Court of Appeals of Texas, Fifth District, Dallas
Jun 21, 2005
No. 05-04-00292-CR (Tex. App. Jun. 21, 2005)

Opinion

No. 05-04-00292-CR

Opinion Filed June 21, 2005. DO NOT PUBLISH. Tex.R.App.P. 47.

On Appeal from the County Court at Law Number 3, Collin County, Texas, Trial Court Cause No. 003-82590-03.

Affirmed.

Before Justices WRIGHT, MOSELEY and LANG.


MEMORANDUM OPINION


John Costello appeals his conviction for driving while intoxicated. In three issues, he contends that (1) the admission of statements Costello made to a jail officer violated his constitutional right against self-incrimination, (2) the admission of "unrecorded" statements Costello made to a jail officer violated his rights under Article 38.22 of the Texas Code of Criminal Procedure, and (3) the trial court erred in overruling Costello's bias-based challenge for cause to a prospective juror. For the reasons set out below, we decide Costello's issues against him and affirm the trial court's judgment.

I. Factual Context

At around midnight on April 30, 2003, Plano Police Officer Kris Tyler noticed Costello driving fifty-three miles per hour in a forty-mile per hour speed zone. Tyler noticed Costello swerve in and out of driving lanes two times, the second of which was a "big, big sweep across." When Costello arrived at a red light, he failed to stop at the crosswalk. After the light turned green, Tyler initiated a traffic stop and Costello pulled into a parking lot.

In addition to a strong odor of alcohol, Tyler observed that Costello's eyes were bloodshot and watery, and that Costello's speech was slurred. Costello told Tyler that he had had six beers to drink. Tyler conducted three field sobriety tests: the horizontal gaze nystagmus test, the walk-and-turn test, and the one-leg stand test.
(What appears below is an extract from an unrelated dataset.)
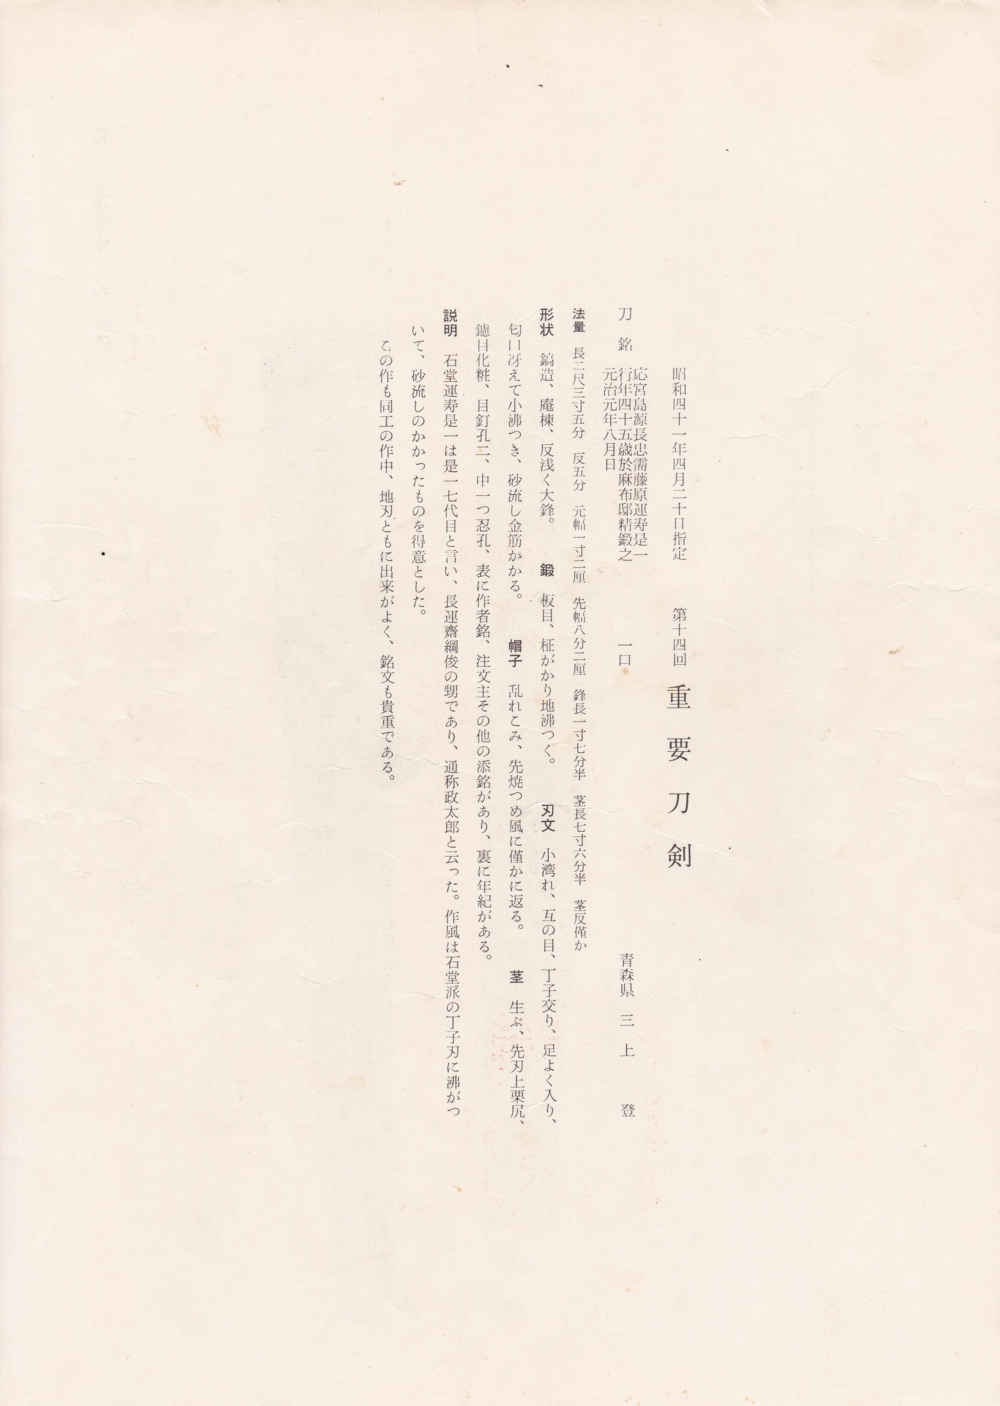 刀 応宮島源長忠需藤原運寿是一 行年四十五歳於麻布邸精鍛之 元治元年八月日 / Katana Fujiwara Unju Korekazu A.D.1864 Ordered with place 45years old work

Based on all the factors he observed, Tyler concluded that Costello did not have the normal use of his mental or physical faculties due to the introduction of alcohol into his body. Tyler arrested Costello and took him to the Plano city jail, where he refused a breath test.

After Costello was read his Miranda rights, he was booked into the jail by Officer Kris Kline, who testified (1) that Kline obtained no information as to any physical abnormalities or defects of Costello, (2) that Costello thought he was in jail in Richardson, Texas, and (3) that Costello told Kline that he had had five beers to drink.

Before trial, Costello's counsel filed a pre-trial motion to suppress. The motion made no mention of any of the specific statements Costello made to Kline, but sought to suppress "[a]ll written and oral statements made by [Costello] to any law enforcement officers or others in connection with this case." The basis for such a request was that "[a]ny statements obtained from [Costello] were obtained in violation of the rights of [Costello] pursuant to the Fourth and Fourteenth Amendments to the United States Constitution, Article I, Section 9 of the Constitution of the States of Texas and Chapters 14 and 38 of the Texas Code of Criminal Procedures."

At trial, Costello's counsel did not object to two of Kline's statements: (1) that Kline did not obtain any information about any abnormalities or physical defects, and (2) that Costello thought he was in jail in Richardson.

Also, during voir dire, Costello's counsel asked the jury panel whether they would give a police officer's testimony more weight than they would another witness's, to which a few of the panelists raised their hands. After the trial judge clarified the statements to the jury panel by asking whether their answer would be the same if the police officer had "equal training" as another witness, the panel members agreed that they would not give any more weight to the police officer's testimony than another witness's. At the end of this discussion, Costello's counsel lodged a challenge for cause, which was denied.

II. Admission of Costello's Statements from Jail.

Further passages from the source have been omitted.